КСЮША. В Африку надо! Твой зуб только Айболит вылечит, а он у Бармалея, в Африке. А мне еще к бабушке, не на обед, так хотя бы к ужину поспеть.

ЯГА. Ну, я тебе не аэропорт, нет у меня никаких самолетов. Вон метла. Да на ней только до опушки, старая совсем.

ВОЛК. Я довезу. Я мигом довезу! Я в лепешку расшибусь, но я тебе докажу. Ладно, Яга действительно больная. Правда, еще неизвестно, какая она будет хорошая! Но уж Бармалей!.. Хе-хе… Это Бармалей. Увидишь, какой он больной.

ЯГА. Да-а… Я шустрая, а есть, оказывается, и пошустрее. До обеда она в Африку, после Африки к бабушке на ужин – прямо не ребенок, а президент какой-нибудь. Ну, Серый, давай. Одна нога здесь, другая там. Да смотри у меня! Я, может, и добрая, но пока что я больная. Пошел!


Волк и Ксюша умчались.


Василисушка! Подруга… Вишь, что деется. Оказывается, добрая я, просто зуб болит. А от этого кто хошь озвереет. Ну ничего, потерплю, недолго уже. И тебе заодно тоже недолго. Давай вместе, что ль, терпеть.

ВАСИЛИСА. Ой, Яга Ногаевна, как хорошо вы говорите.

ЯГА. Да. Ну отпущу я тебя, да. Ну, там Ваня твой, глядишь, где-нибудь найдется, и что дальше? Давай, говори, заговаривай зуб, чтоб потише болел.

ВАСИЛИСА. Ну… мы с Ваней поженимся, свадьбу сыграем, вас позовем.

ЯГА. И чтоб везде – красные розы! Сама наколдуешь, или я помогу?
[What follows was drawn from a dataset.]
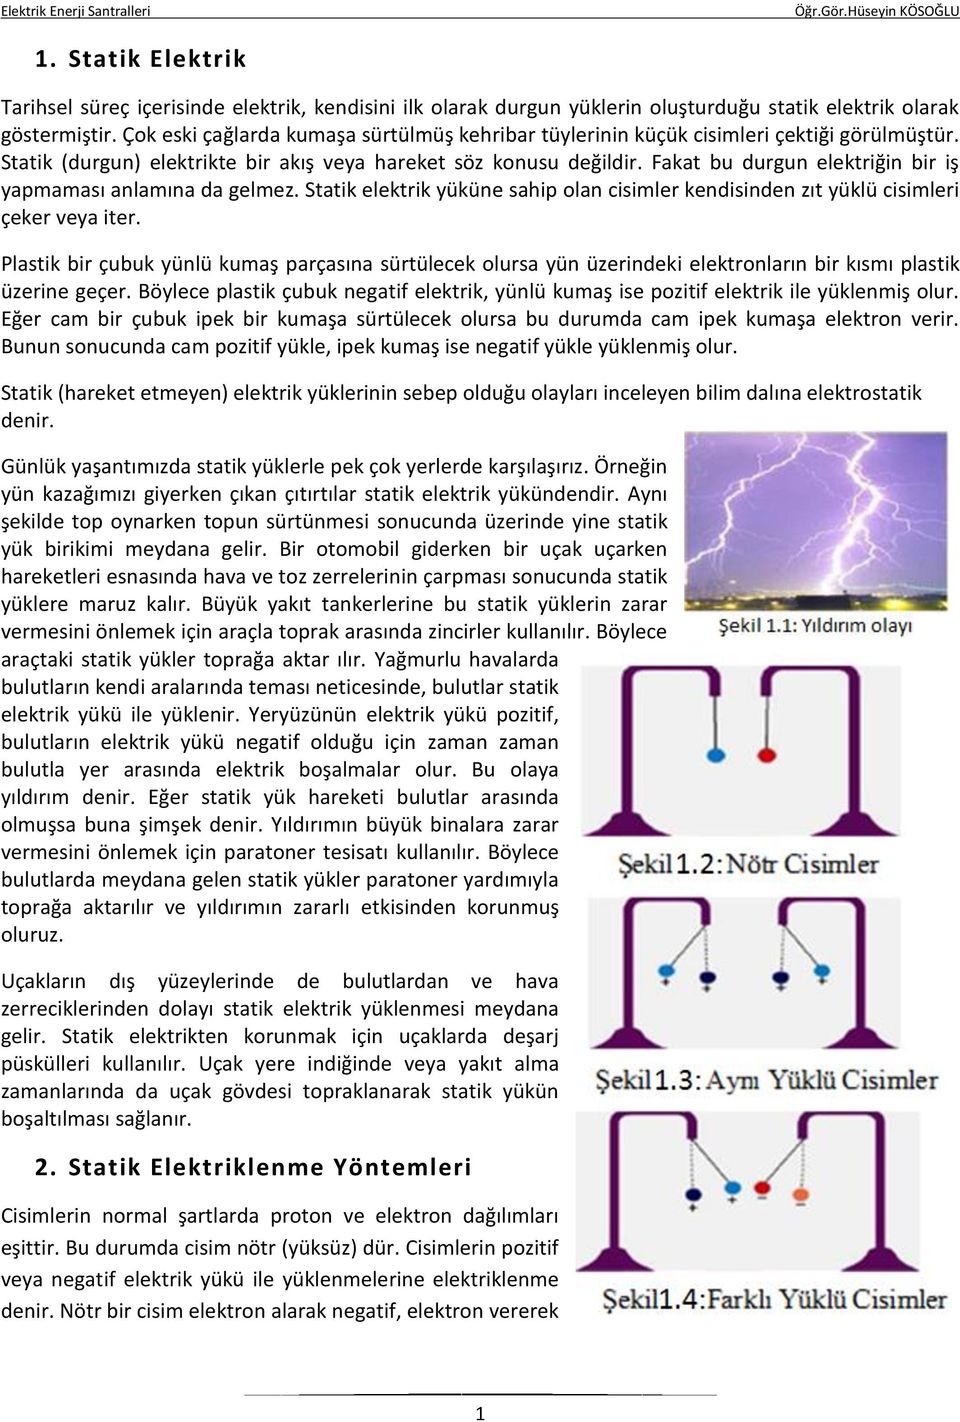 1. Statik Elektrik. 2. Statik Elektriklenme Yöntemleri - PDF Free Download

ВАСИЛИСА. Я научусь, обязательно!

ЯГА. Ну, теперь давай, пой чего-нибудь полезное для здоровья.

ВАСИЛИСА.

Ходит ветер за волной…

(ЯГА: Хорошо!)

Ходит месяц со звездой…

(ЯГА: Молодец!)

Друг желанный, долгожданный,
Скоро ль будешь ты со мной?

(ЯГА: Хорошо! Легчает! Легчает зуб-то!)

Поют вместе:

Я дождусь тебя, дождусь,
Я терпенья наберусь,
А уж если не дождуся…

ВАСИЛИСА. Будь что будет…

ЯГА. Ой, что будет!

ВАСИЛИСА. Будь что будет….

ЯГА. Ой, что будет —

Даже вымолвить боюсь!

(Продолжает на тот же мотив)

Аты-баты хали-гали, фу ты ну ты, трали-вали…

ВАСИЛИСА. Ой, Яга Ногаевна! Зачем же вы? Так хорошо сидели!

ЯГА. …Заур-баур три кольца – ламца-дрица оп-ца-ца!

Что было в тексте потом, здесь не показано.